- Born: Janet Koven
- Other names: Janet Koven Levit, J. K. Levit
- Occupations: attorney, law professor, university administrator
- Known for: First woman president of the University of Tulsa; first woman dean of the University of Tulsa College of Law

= Janet K. Levit =

Professor and university provost

Janet K. Levit is a professor at the University of Tulsa College of Law. She was the first woman to become dean of the law school, the first woman provost at the University of Tulsa, and the interim president of the University of Tulsa from June 2020 until June 2021, from the resignation of former president Gerard Clancy until the appointment of Brad Carson.

== Education ==
She enrolled in the Woodrow Wilson School of Public and International Affairs at Princeton University, where she earned the Bachelor of Arts (A.B.) in 1990. She then went to Yale University where she earned an M. A. in International Relations and her J.D. from Yale Law School, both in May 1994.

== Career ==
After graduating from Yale in 1994, she served as a law clerk for the chief judge of the U.S. Court of Appeals for the Tenth Circuit in Tulsa, Oklahoma, Stephanie K. Seymour from 1994 until 1995. She was employed at the Export-Import Bank of the United States from August 1998 until April 2000. In 2002, Levit became an assistant professor at University of Tulsa College of Law, where she was named professor in 2006. Levit was appointed Dean of the law school effective July 18, 2008; she was the first woman to hold that post, which she retained until 2015. In 2018 Levit became the first female provost at the University of Tulsa when she replaced Roger Blais. She served in that position until 2020; the position was then vacant until George Justice was appointed to succeed Levit in January 2022 by Brad Carson.
A faculty vote of no-confidence in Levit was passed 157–44 in November 2019. Levit was the interim president of the University of Tulsa (TU) at Tulsa, Oklahoma from 2020 to 2021. During that time, University of Tulsa students passed a no-confidence resolution against her by a 805 to 264 margin. At the end of her term as interim president in 2021, she returned to the University of Tulsa College of Law faculty.
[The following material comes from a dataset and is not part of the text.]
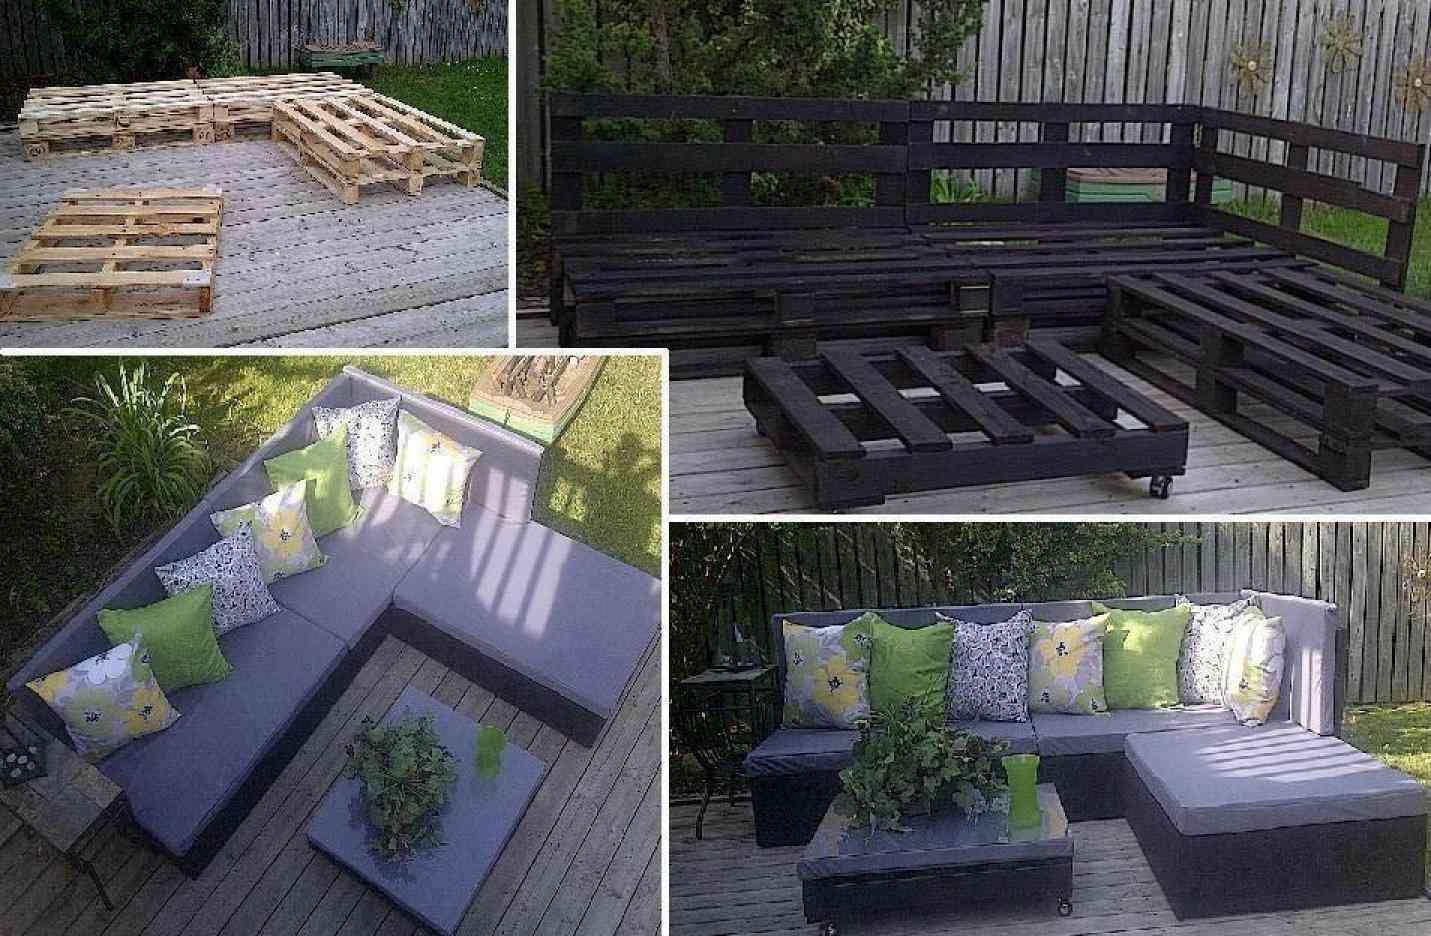 10 muebles para exteriores diy hazlos tu mismo for Muebles para exteriores baratos

== Selected publications ==
- Levit, Janet Koven (1998). "The Constitutionalization of Human Rights in Argentina: Problem or Promise"
- Levit, Janet Koven (2004). "The Dynamics of International Trade Finance Regulation: The Arrangement on Officially Supported Export Credits"
- Levit, Janet Koven (2007). "Bottom-up International Lawmaking: Reflections on the New Haven School of International Law"
- Levit, Janet Koven. "The Globalization of International Law"

== Awards and honors ==
In 2017, Levit received the Anna C. Roth Legacy Award from the YWCA Tulsa and the Mayor's Commission on the Status of Women.